After you have installed the new Hadoop version

  1. Optionally, update the conf/slaves file before starting to reflect the current set of active nodes.
  2. Optionally, change the configuration of the NameNode’s and the JobTracker’s port numbers (i.e. the fs.default.name property in conf/core-site.xml plus conf/hdfs-site.xml and the mapred.job.tracker property in conf/mapred-site.xml respectively) in order to ignore unreachable nodes that are still running the old version (with the old port numbers), preventing them from connecting and disrupting system operation.
  3. Start the actual HDFS upgrade process.
    • Upgrade the NameNode by converting the checkpoint to the new version format
    • $ hadoop-daemon.sh start namenode -upgrade

Note: You need to add the -upgrade switch only once for actual upgrade process. Once it has successfully completed, you can start the NameNode via hadoop-daemon.sh start-dfs.sh and start-all.sh like you’d normally do. The un-finalized upgrade will be in effect until you either finalize the upgrade to make it permanent or until you perform a rollback of the upgrade (see below).

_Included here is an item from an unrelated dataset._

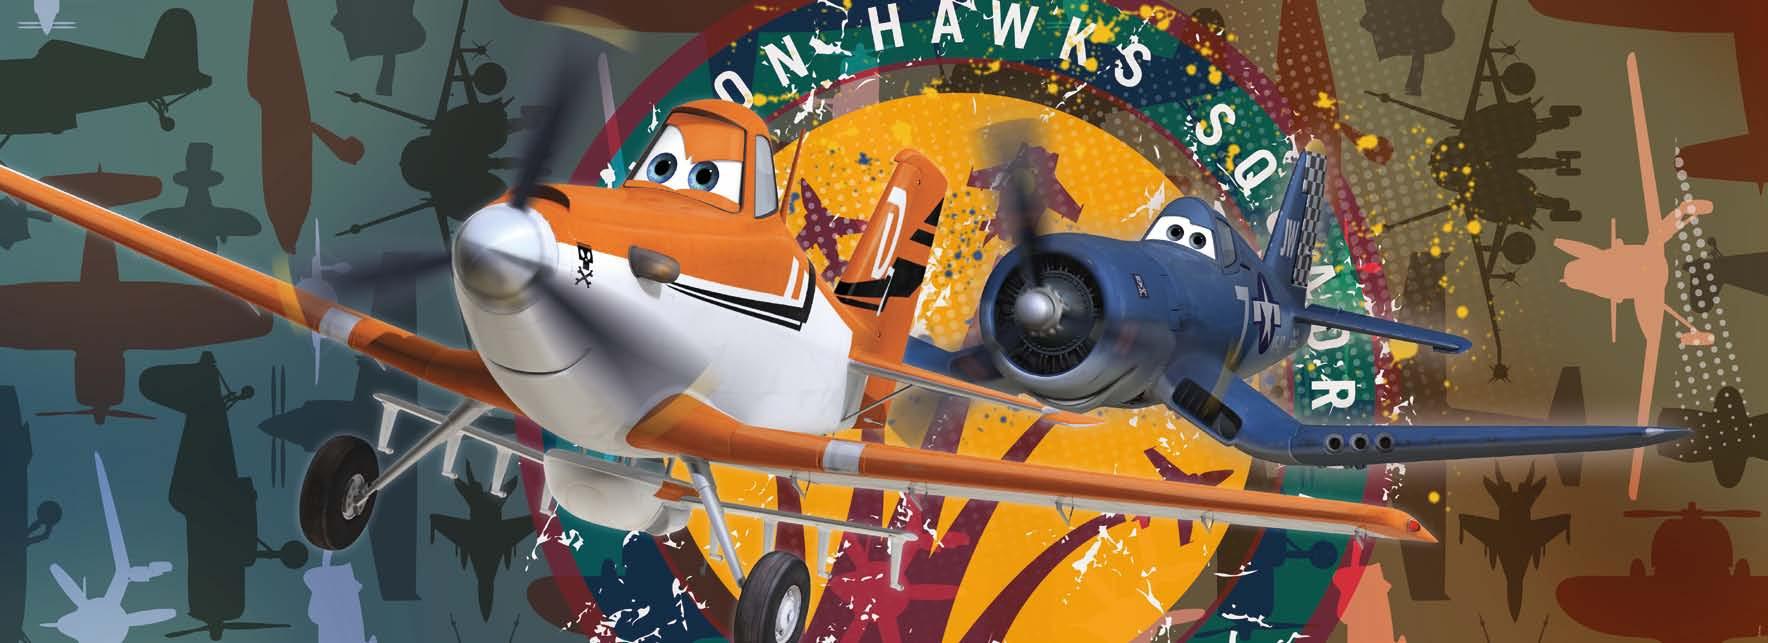 Poster mural Planes Squadron - Panoramique Disney - KOMAR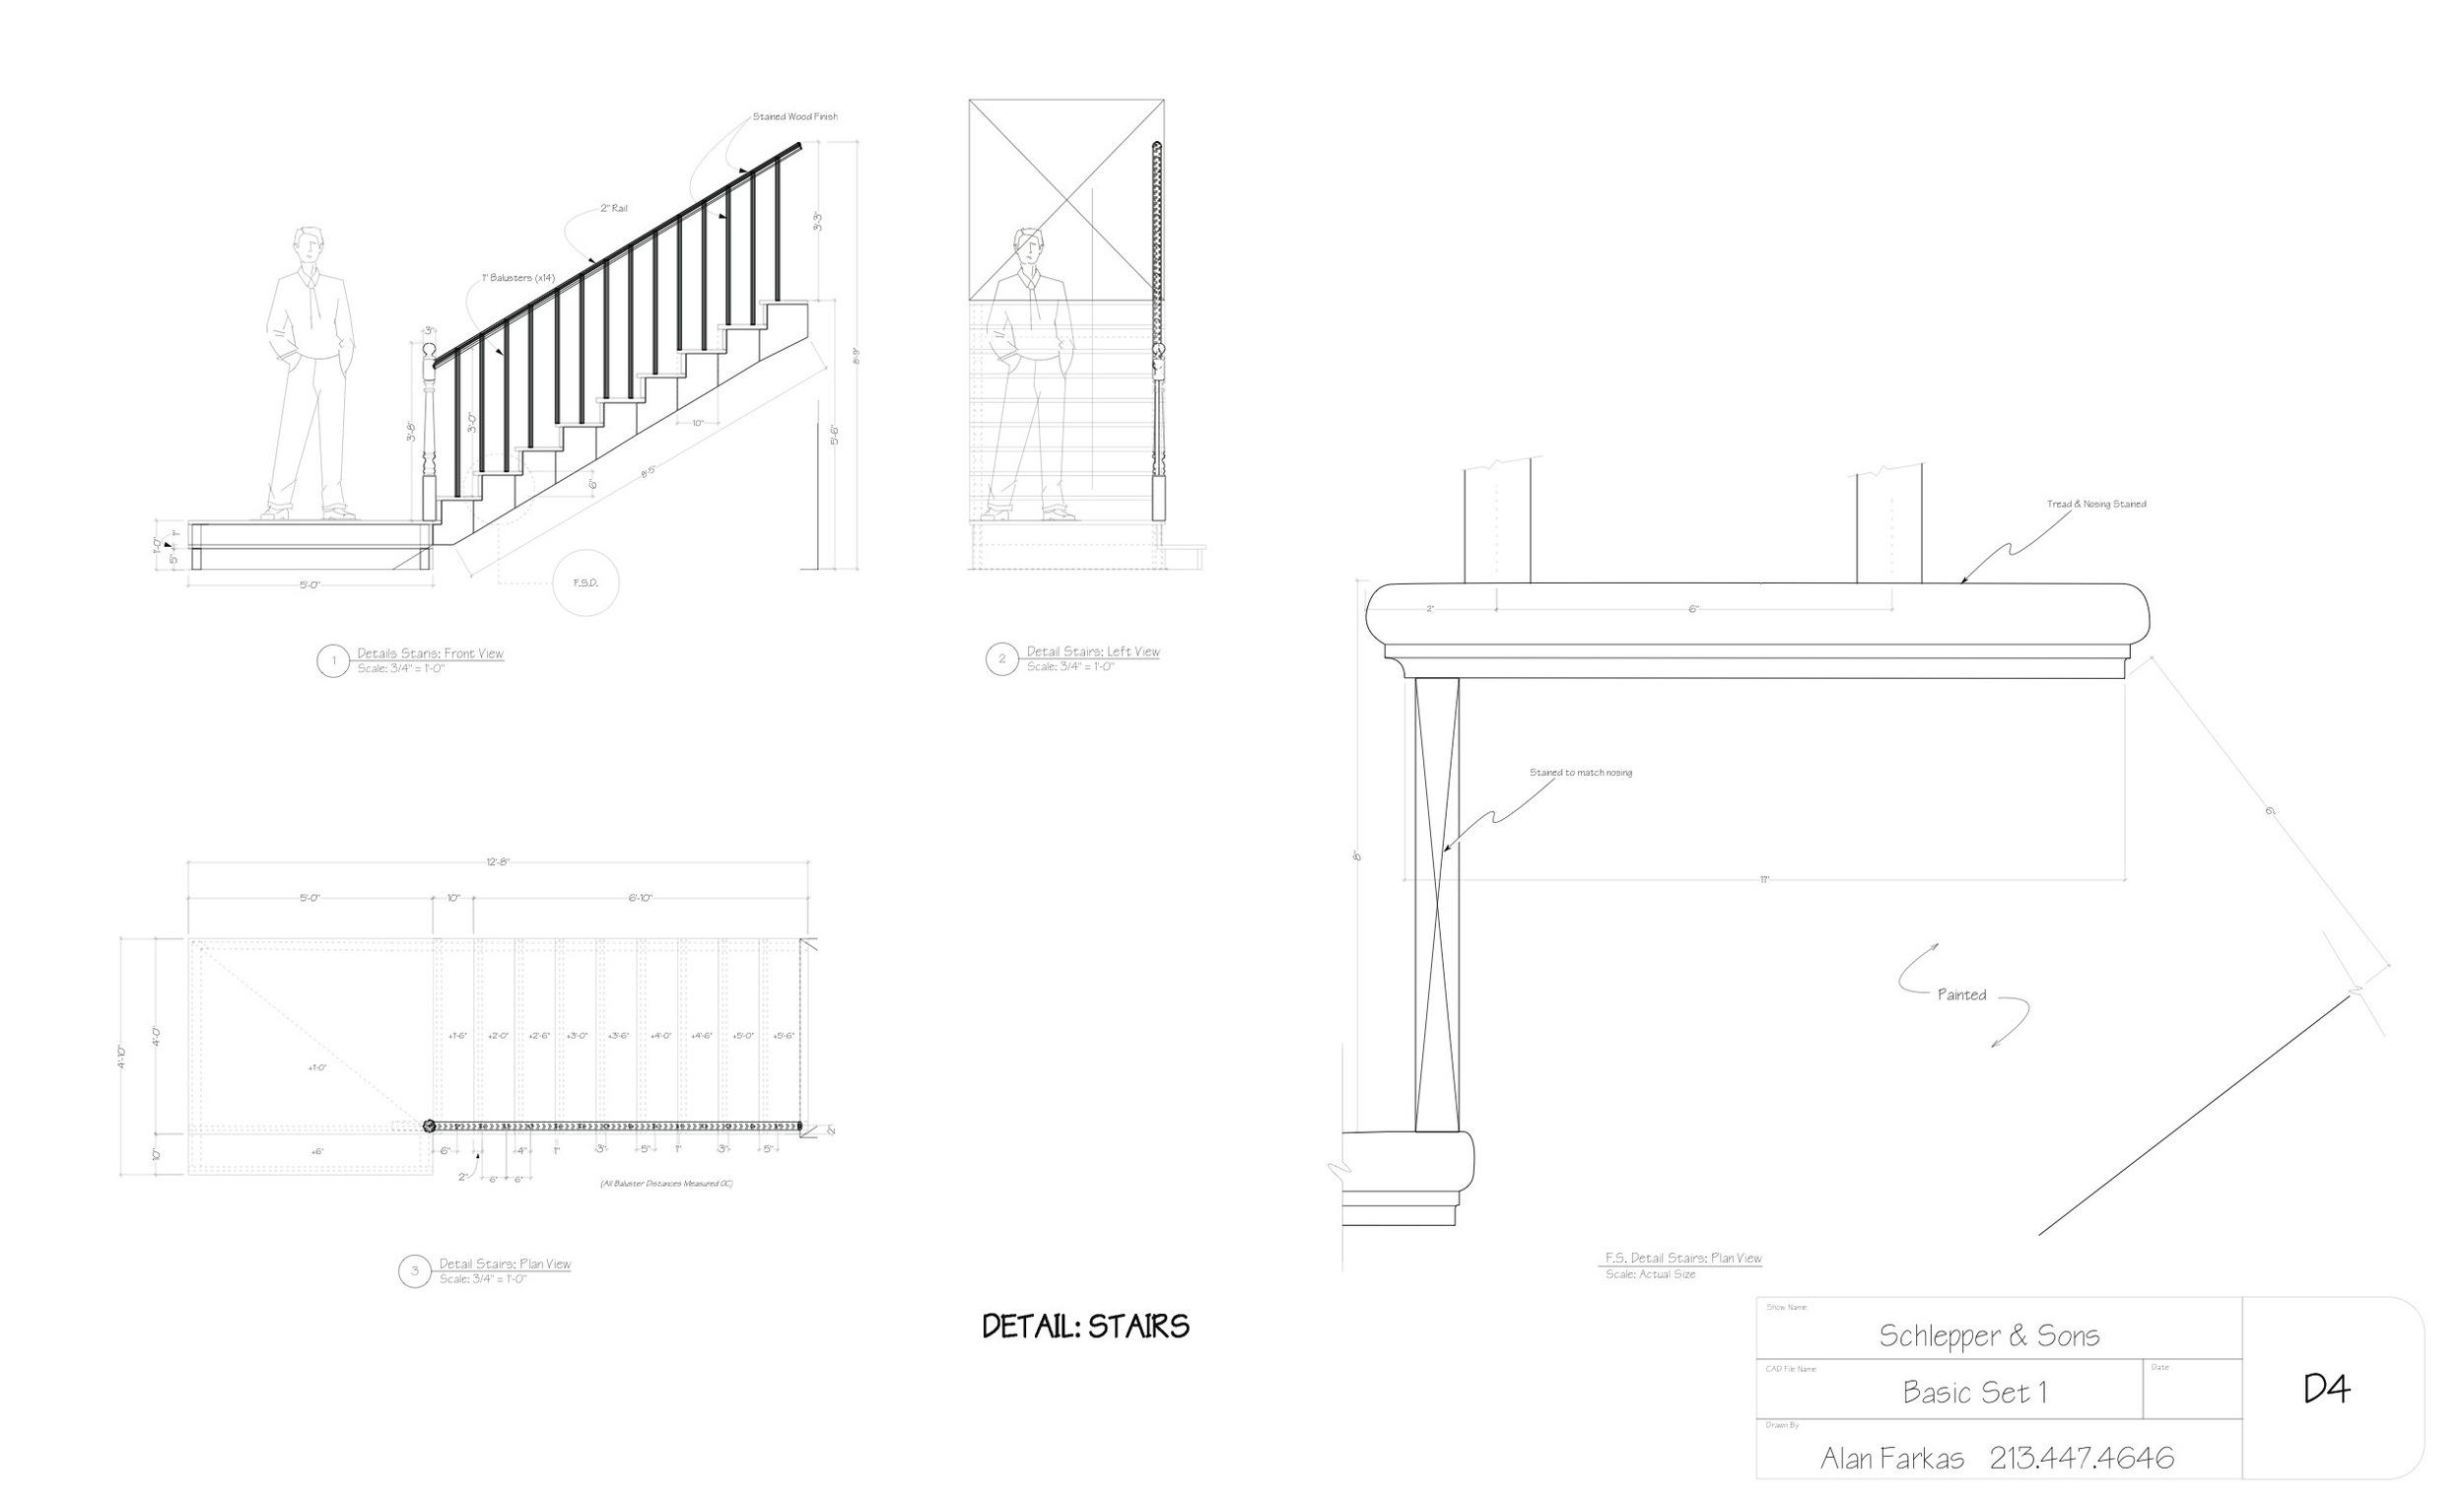 Alan Farkas_3D Set Design + Illustration_Reduced 38.jpeg

The NameNode log will show messages like the following:

NameNode log file

2011-06-21 14:40:32,579 INFO org.apache.hadoop.hdfs.server.common.Storage: Upgrading image directory /path/to/nn_namespace_dir.

old LV = -18; old CTime = 0.

new LV = -31; new CTime = 1308660032579

2011-06-21 14:40:32,581 INFO org.apache.hadoop.hdfs.server.common.Storage: Image file of size 8447 saved in 0 seconds.

2011-06-21 14:40:32,639 INFO org.apache.hadoop.hdfs.server.common.Storage: Upgrade of /path/to/nn_namespace_dir is complete.

2011-06-21 14:40:32,639 INFO org.apache.hadoop.hdfs.server.common.Storage: Upgrading image directory /path/to/nn_namespace_dir_bk.

old LV = -18; old CTime = 0.

new LV = -31; new CTime = 1308660032579

2011-06-21 14:40:32,644 INFO org.apache.hadoop.hdfs.server.common.Storage: Image file of size 8447 saved in 0 seconds.

2011-06-21 14:40:32,650 INFO org.apache.hadoop.hdfs.server.common.Storage: Upgrade of /path/to/nn_namespace_dir_bk is complete.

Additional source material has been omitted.